Вы же знаете: во мне с войны полно осколков осталося. Так вот как-то тёмной ночью ветер в печной трубе гудит, а у меня бок так схватило, думал – помру. А теперь жена под боком – лекарство даст – и опять жив… Спинку натрёт…

- Знаю я твоё лекарство… Небось, ещё надо чего… Постыдился бы! Старый хрыч! В твои ли годы об этом думать. О душе пора позаботиться…, - сказала тётка Лизавета. И тут же продолжила (а дядя Саня молчал, - он жениться снова и сейчас был бы не прочь):
- Что для веселья женился – это понятно. Ты ведь, как заводной, говоришь без умолку. Одному скучно… Так мог же просто поджениться, не оформлять в загсе. Теперь бабы ушлые, сам знаешь. Зачем прописывать? Ведь за тебя баба только из-за квартиры пойдёт…
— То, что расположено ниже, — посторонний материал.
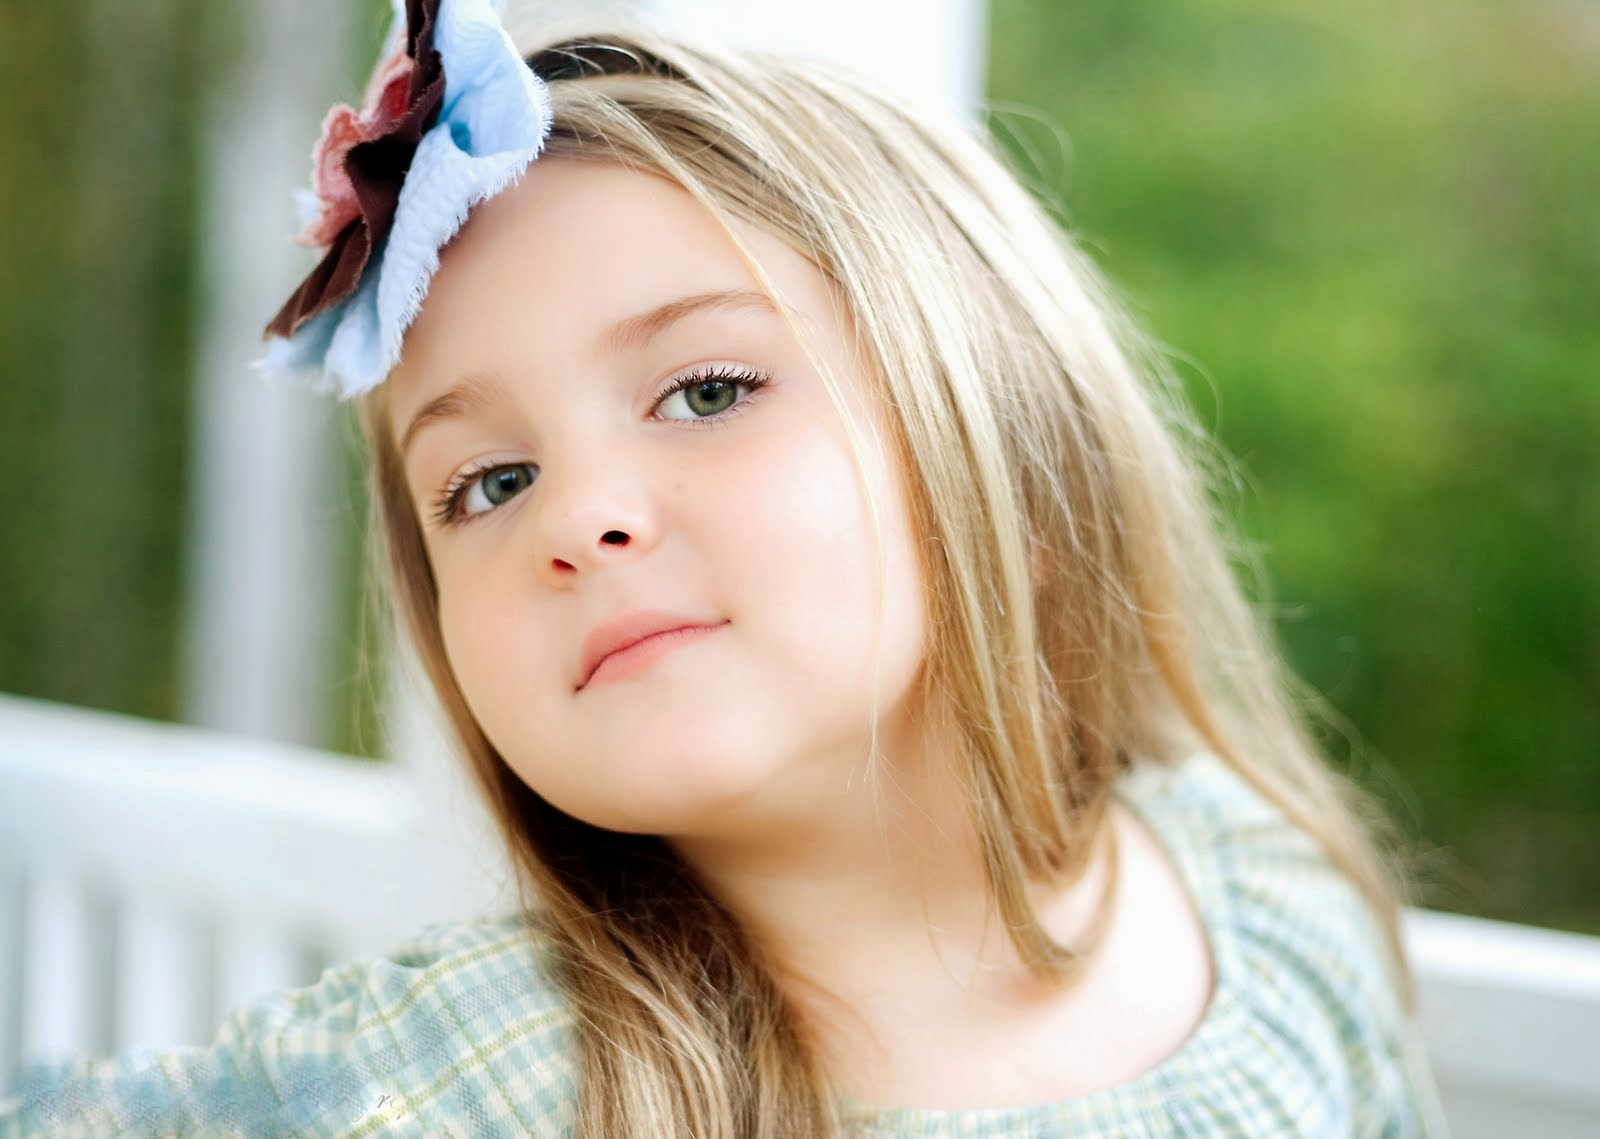 cute baby girl pic 2014

- Нет, кока. (Так он всегда звал тётку Лизу.) Понимаешь, когда приводил временно, баба временной себя и чувствовала, ничего не делала, мол, уйдёт всё одно… Никакого толку, выпьет, пожрёт всё и уходит, не прибрав за собой ничего. А вы знаете: без мужа – голова не покрыта, а без жены – дом не крыт. Вторая жена хоть и маленькая, да удаленькая: трудолюбивая. Я пока сплю после обеда, она всю посуду перемоет, пол в куфне обтерёт. А потом и ко мне под бочок…

 - Тьфу ты, тьфу, чёрт старый! - Заплевалась тётя Лиза. – Уж какое подбоченье – одно пыхтенье… Где ж ты её подобрал? Я уж в городе видела вас: ты руку кренделем, а она, как моховушка, семенит около тебя мутовками, никак в ногу не попадёт. Ты – высокий, а она – шпендик… Уж не пара, не пара… И чем она тебя зацепила? Никак в толк взять не могу: лицом рябая, телом тонкая – на такую смотреть не хочется, а тебе ещё и обнимать её надо, наверно… А строит из себя принцессу заморскую… До носа не достать. Не здоровкается…

- Кока, ты не права… Она очень ласковая… С моей Татьяной не сравнить… Уж сколько раз я в прежние времена, как Толстой, порывался уйти из дому. Пока кучу детей подняли, воспитали, да выучили, сколько нервов друг другу попортили. Сначала она всё рожала: что ни год, то приплод. Потом уже оба состарились, ворчливые стали, любви уж той не стало: старые грехи глаза застили, одне попрёки – и ничего боле. Представь: мы бы с Татьяной идём, в глаза друг другу заглядываам… и про любовь лялякаам… С Татьяной можно было только со сковородником разговаривать, сразу – лай, во всём придирки, ох уж эти придирки… Это не так и то не так … Она шуток-то и не понимала вовсе. О, боже, прости мою душу грешную, пусть земля ей будет пухом, отмучилась, бедная …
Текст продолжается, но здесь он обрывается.